# Task requirements
Write out the lines below exactly, beginning at the one with "Rishi Sunak welcomes" and stopping after the one with "7677 Stonehaven Ln, Boca"; the pictures are not copied.

# Source data
=== Begin Enclosure ===

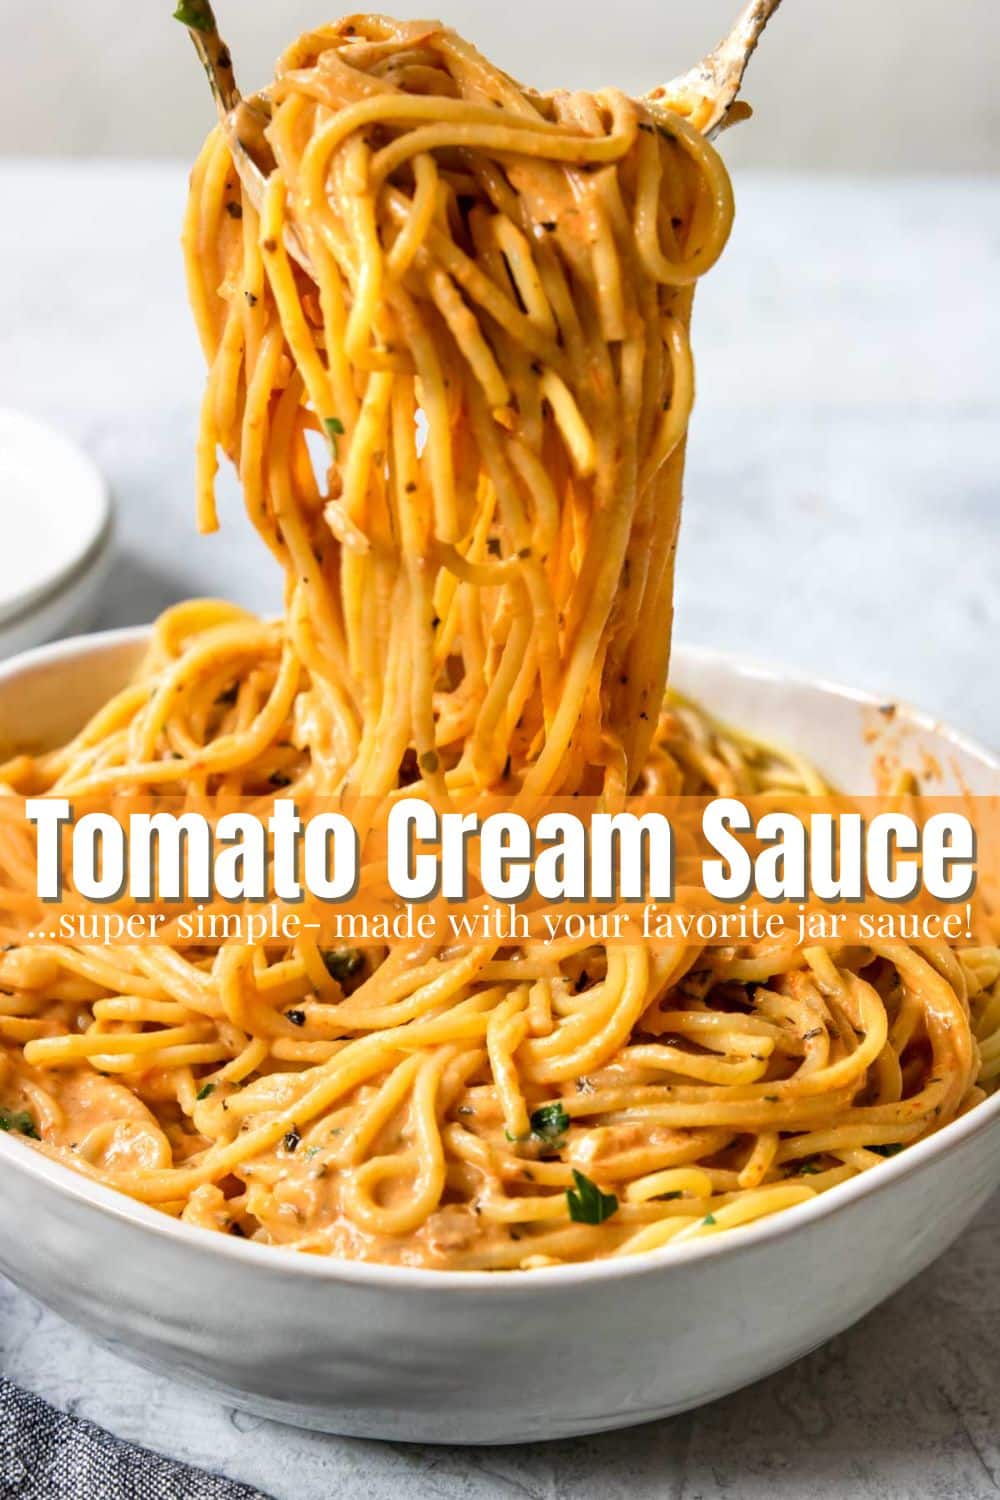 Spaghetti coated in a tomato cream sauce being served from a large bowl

=== End Enclosure ===
=== Begin Enclosure ===

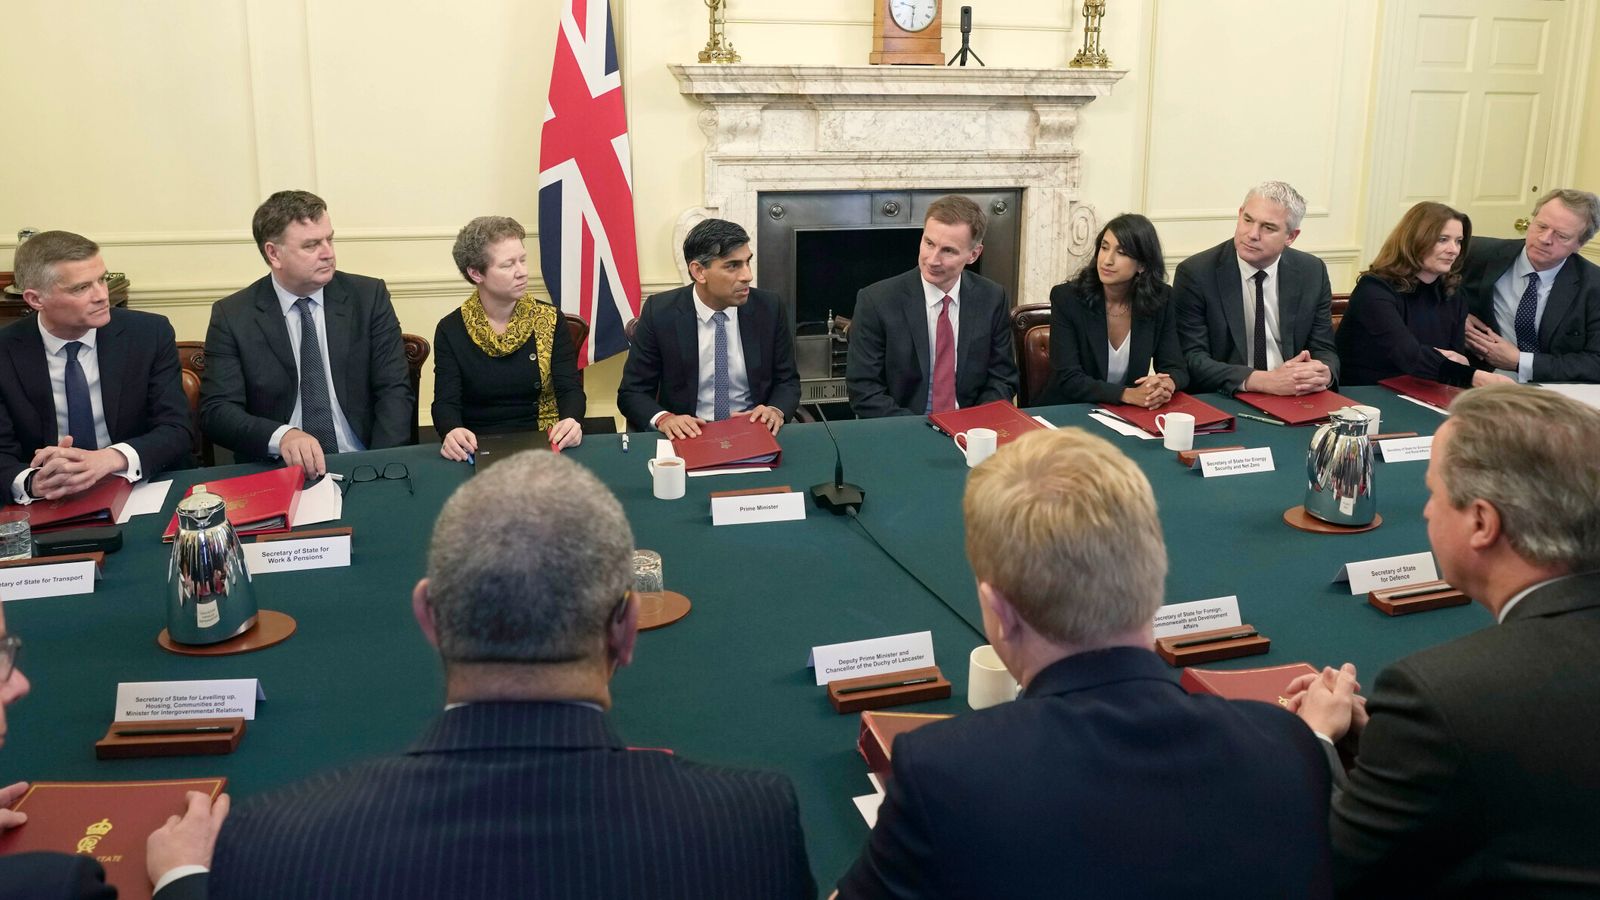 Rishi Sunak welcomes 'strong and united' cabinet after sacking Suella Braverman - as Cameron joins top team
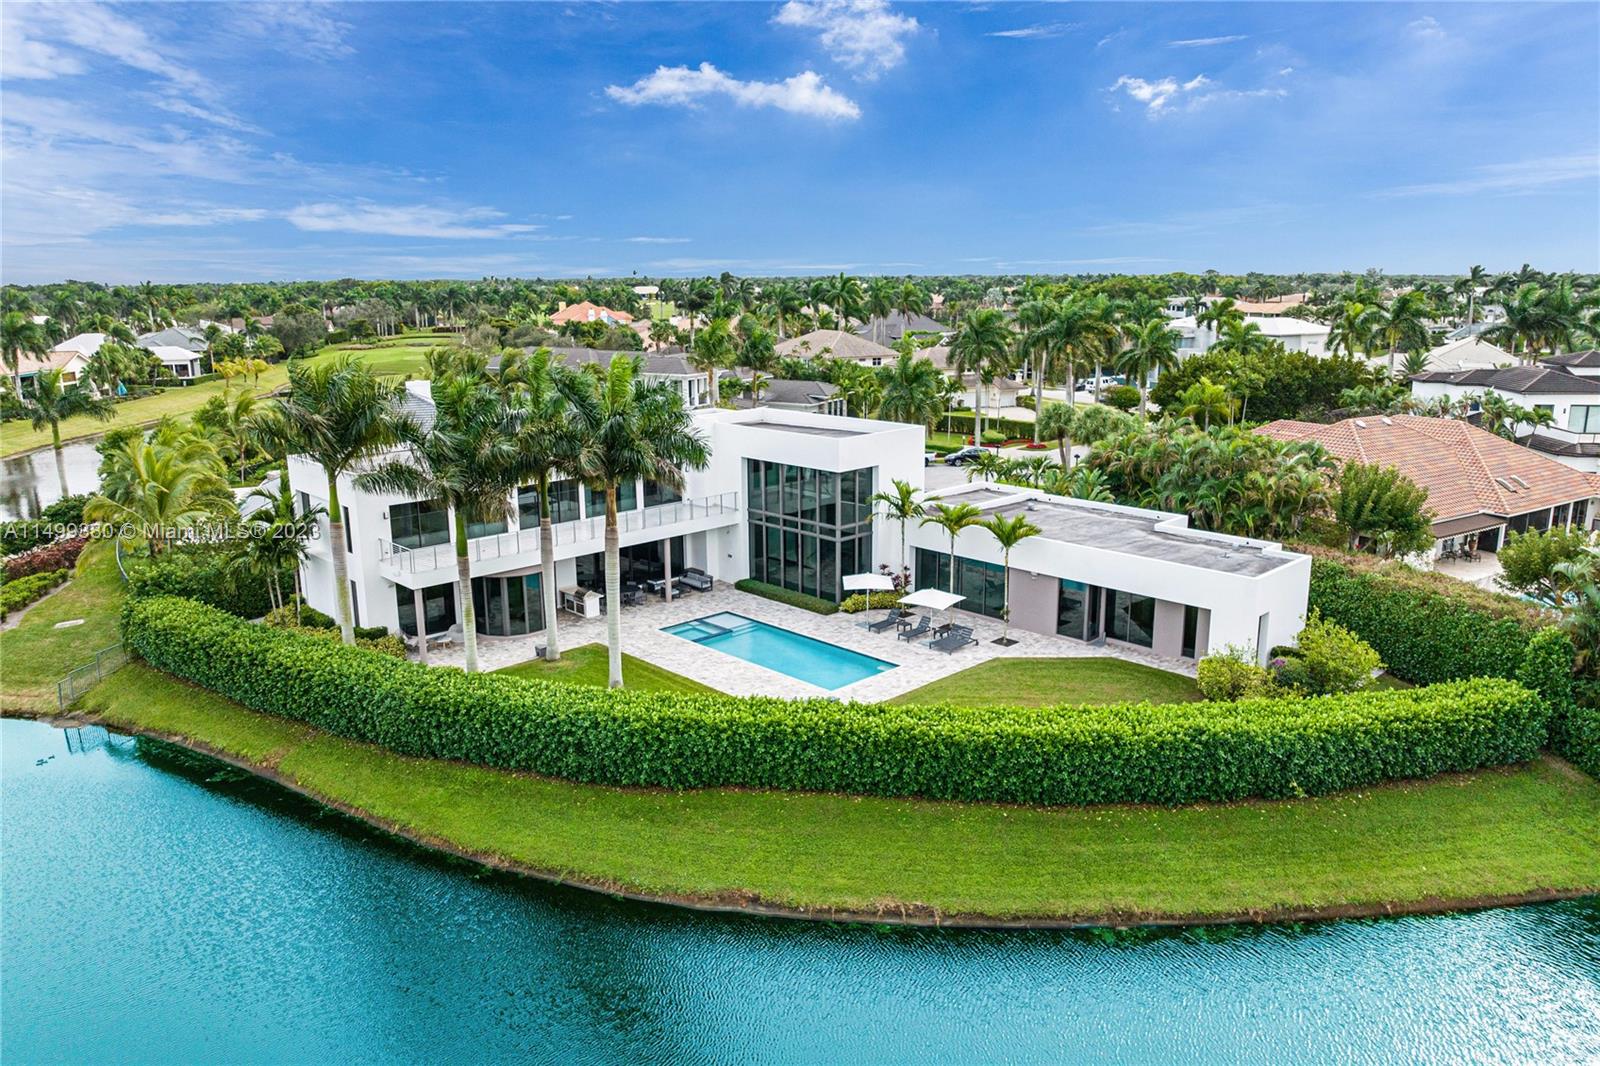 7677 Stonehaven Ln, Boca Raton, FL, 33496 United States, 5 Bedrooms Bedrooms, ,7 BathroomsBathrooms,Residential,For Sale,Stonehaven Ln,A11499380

=== End Enclosure ===

# Answer box
 Rishi Sunak welcomes 'strong and united' cabinet after sacking Suella Braverman - as Cameron joins top team
 7677 Stonehaven Ln, Boca Raton, FL, 33496 United States, 5 Bedrooms Bedrooms, ,7 BathroomsBathrooms,Residential,For Sale,Stonehaven Ln,A11499380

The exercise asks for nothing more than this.